Jeżeli widzisz jedno uruchomienie, a w jego szczegółach ta sama akcja jest wykonywana więcej niż raz po drodze do sukcesu, najczęściej odpowiada za to retry policy. W historii akcji typowy wzorzec to: próba zakończona błędem (np. 429/5xx, timeout), po chwili ponowienie, a następnie powodzenie — a efekt uboczny to zdublowane utworzenie/aktualizacja, jeśli operacja nie była idempotentna. W praktyce odróżnia to od równoległości fakt, że wykonania są sekwencyjne w czasie (jedno po drugim) i dotyczą tej samej instancji akcji w jednym runie.
Jeżeli duplikaty powstają w tym samym uruchomieniu, ale widzisz, że podobne kroki startują w tym samym momencie lub nakładają się czasowo (np. gałęzie równoległe albo pętla, w której iteracje lecą jednocześnie), to wskazuje na równoległość. Kluczowy sygnał to równoczesne przetwarzanie tego samego rekordu/zdarzenia przez kilka ścieżek wykonania, co w Run history zwykle widać jako akcje uruchamiane w podobnych znacznikach czasu, a nie jako kolejne retry po błędzie.

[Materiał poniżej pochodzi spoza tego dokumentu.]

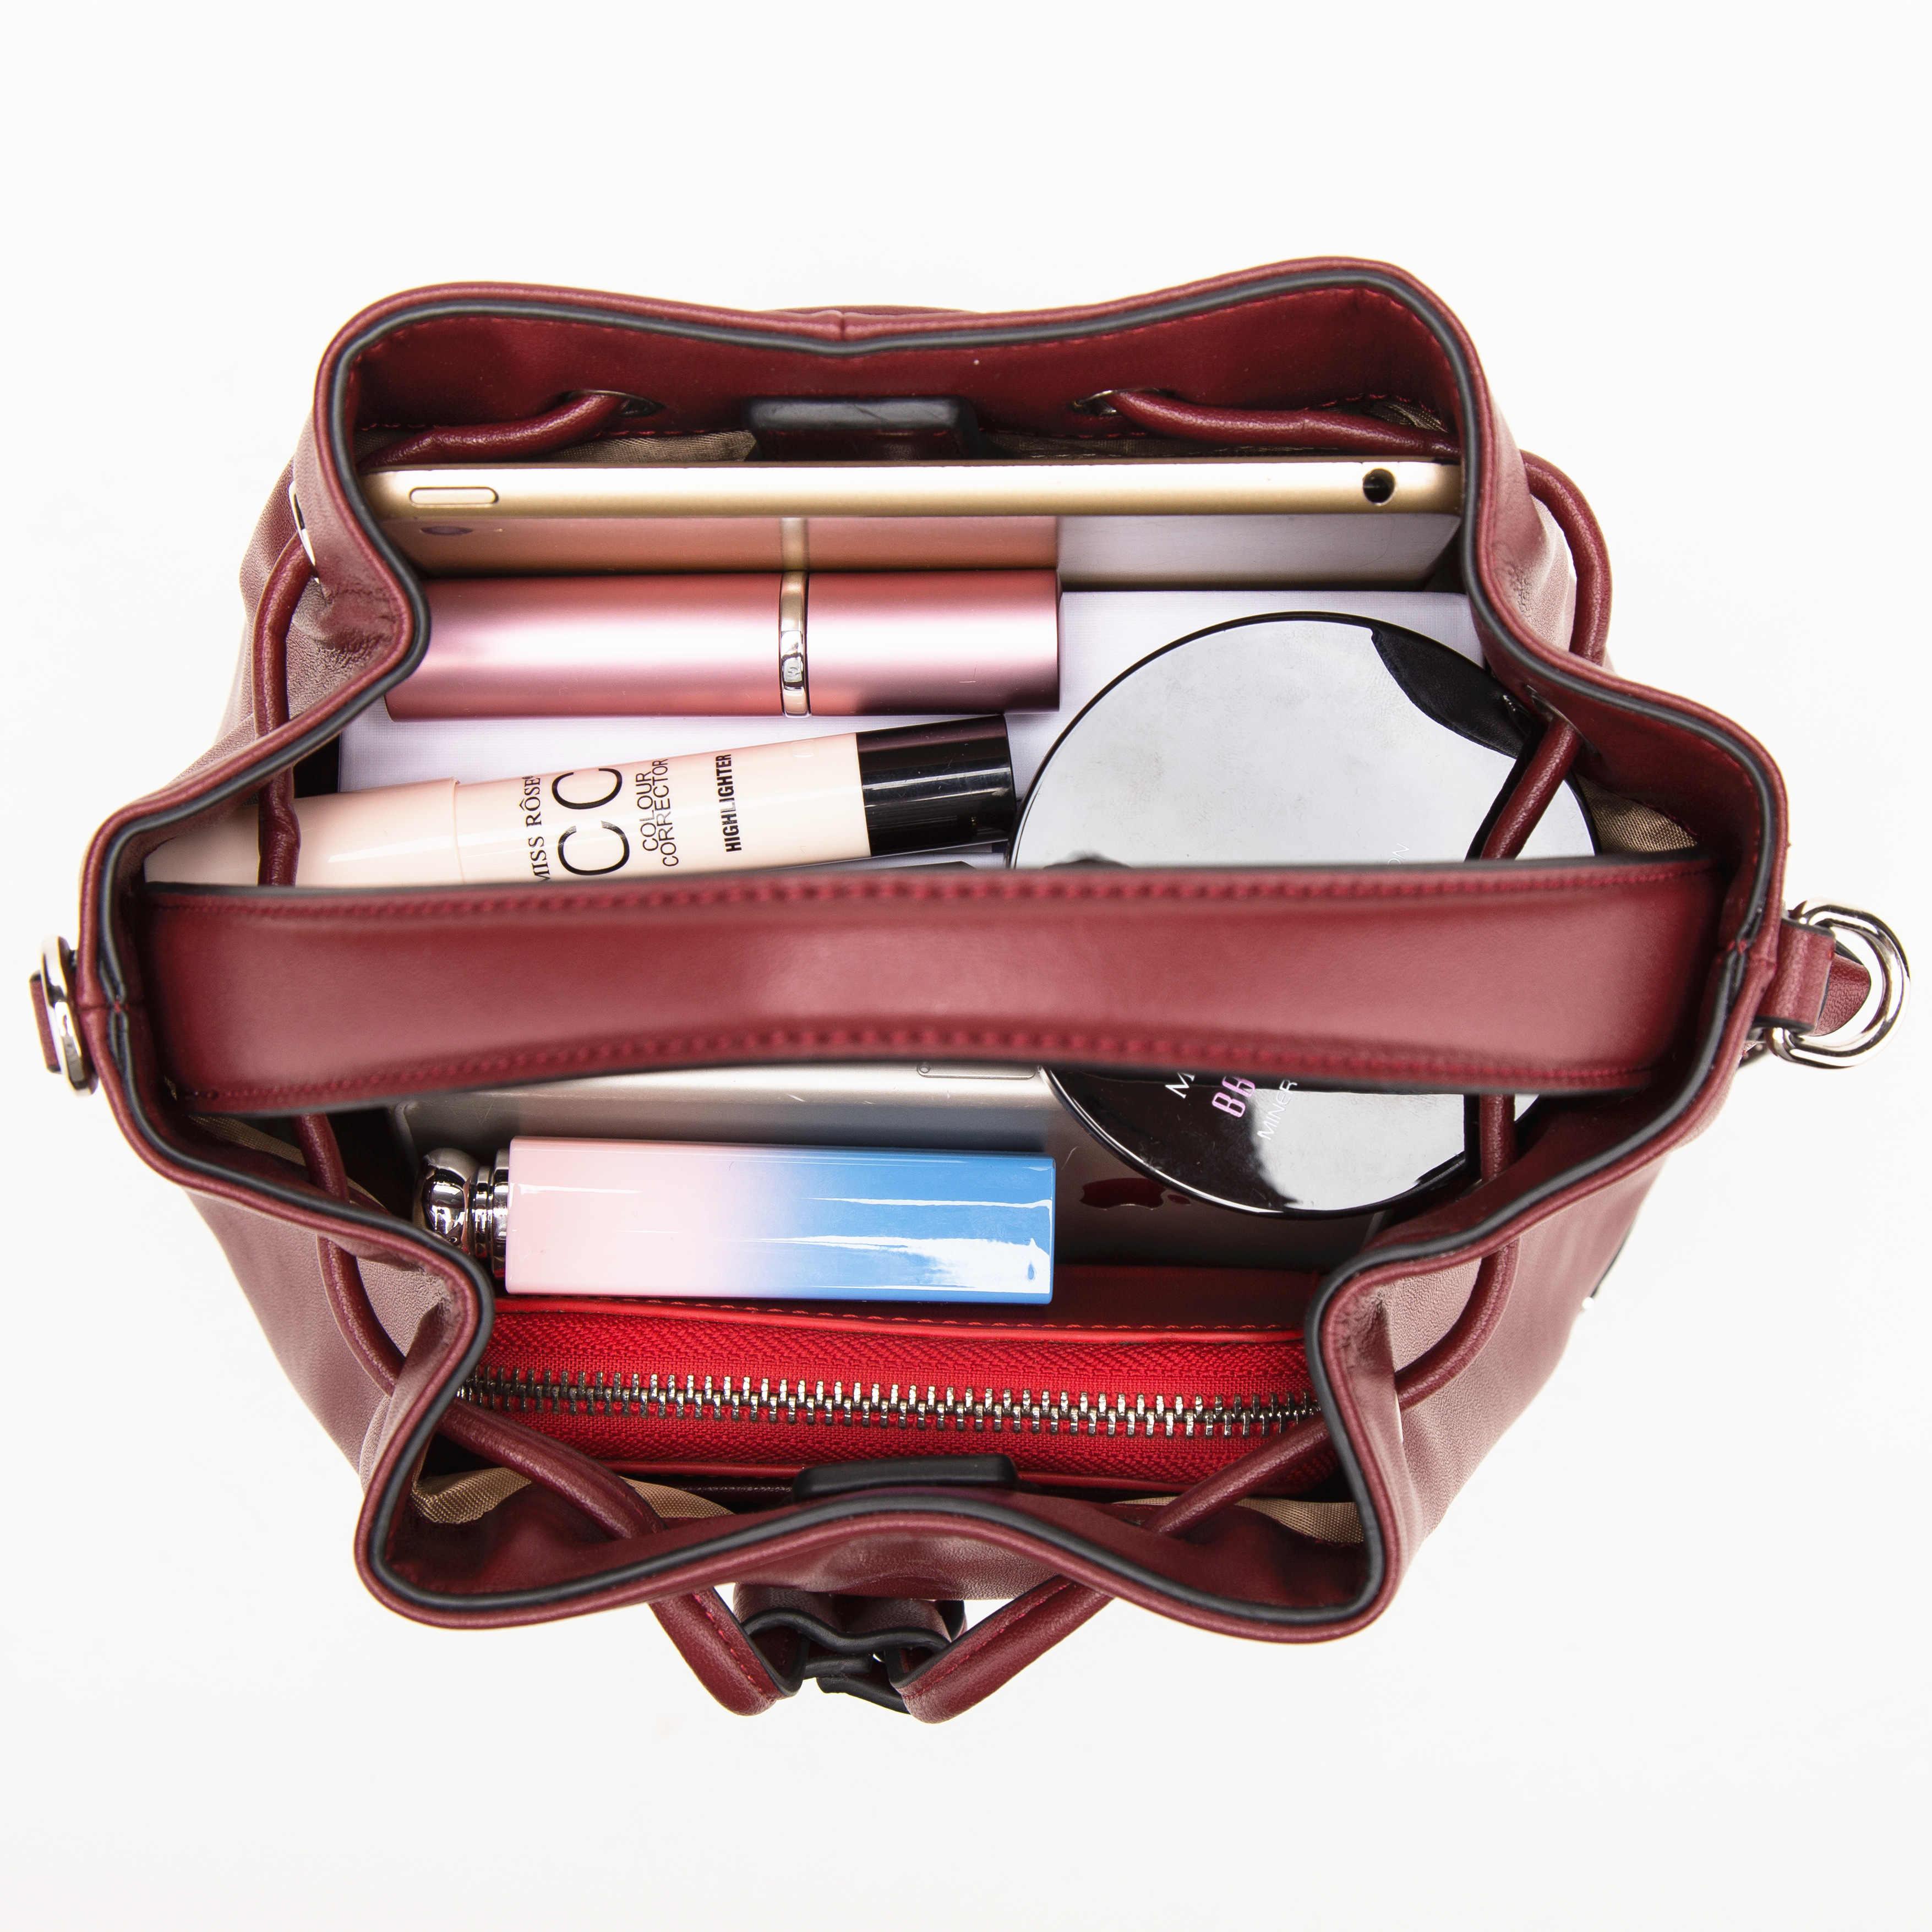 Бренд BISON DENIM, представляет мужской натуральная кожа Для женщин сумка Роскошные сумки в руку, Для женщин сумки дизайнерская сумка на плечо сумка через плечо, Bolsa feminina N1359

Jeżeli natomiast duplikacja wynika z wielu uruchomień (w Run history pojawiają się dwa lub więcej runów, które dotyczą tego samego zdarzenia/danych wejściowych), wtedy winny jest najczęściej wyzwalacz lub warunki jego odpalania. Charakterystyczne jest to, że każdy duplikat ma osobny run (osobny czas startu, osobne wejście/trigger outputs), a kroki wewnątrz pojedynczego runu nie muszą wyglądać na ponawiane ani równoległe — po prostu przepływ został uruchomiony więcej niż raz dla tego samego bodźca.
W skrócie: retry policy rozpoznasz po sekwencji „błąd → ponowienie → sukces” w obrębie jednego runu; równoległość po nakładających się w czasie wykonaniach w jednym runie; wyzwalacz po wielu runach dla tego samego zdarzenia. To rozróżnienie jest kluczowe, bo każda z tych przyczyn wymaga innego miejsca obserwacji: retry i równoległość diagnozuje się w szczegółach runu, a wyzwalacz — na poziomie listy uruchomień i danych wejściowych triggera.
Czym jest idempotencja w automatyzacjach i dlaczego jest lepsza niż „wyłącz retry”?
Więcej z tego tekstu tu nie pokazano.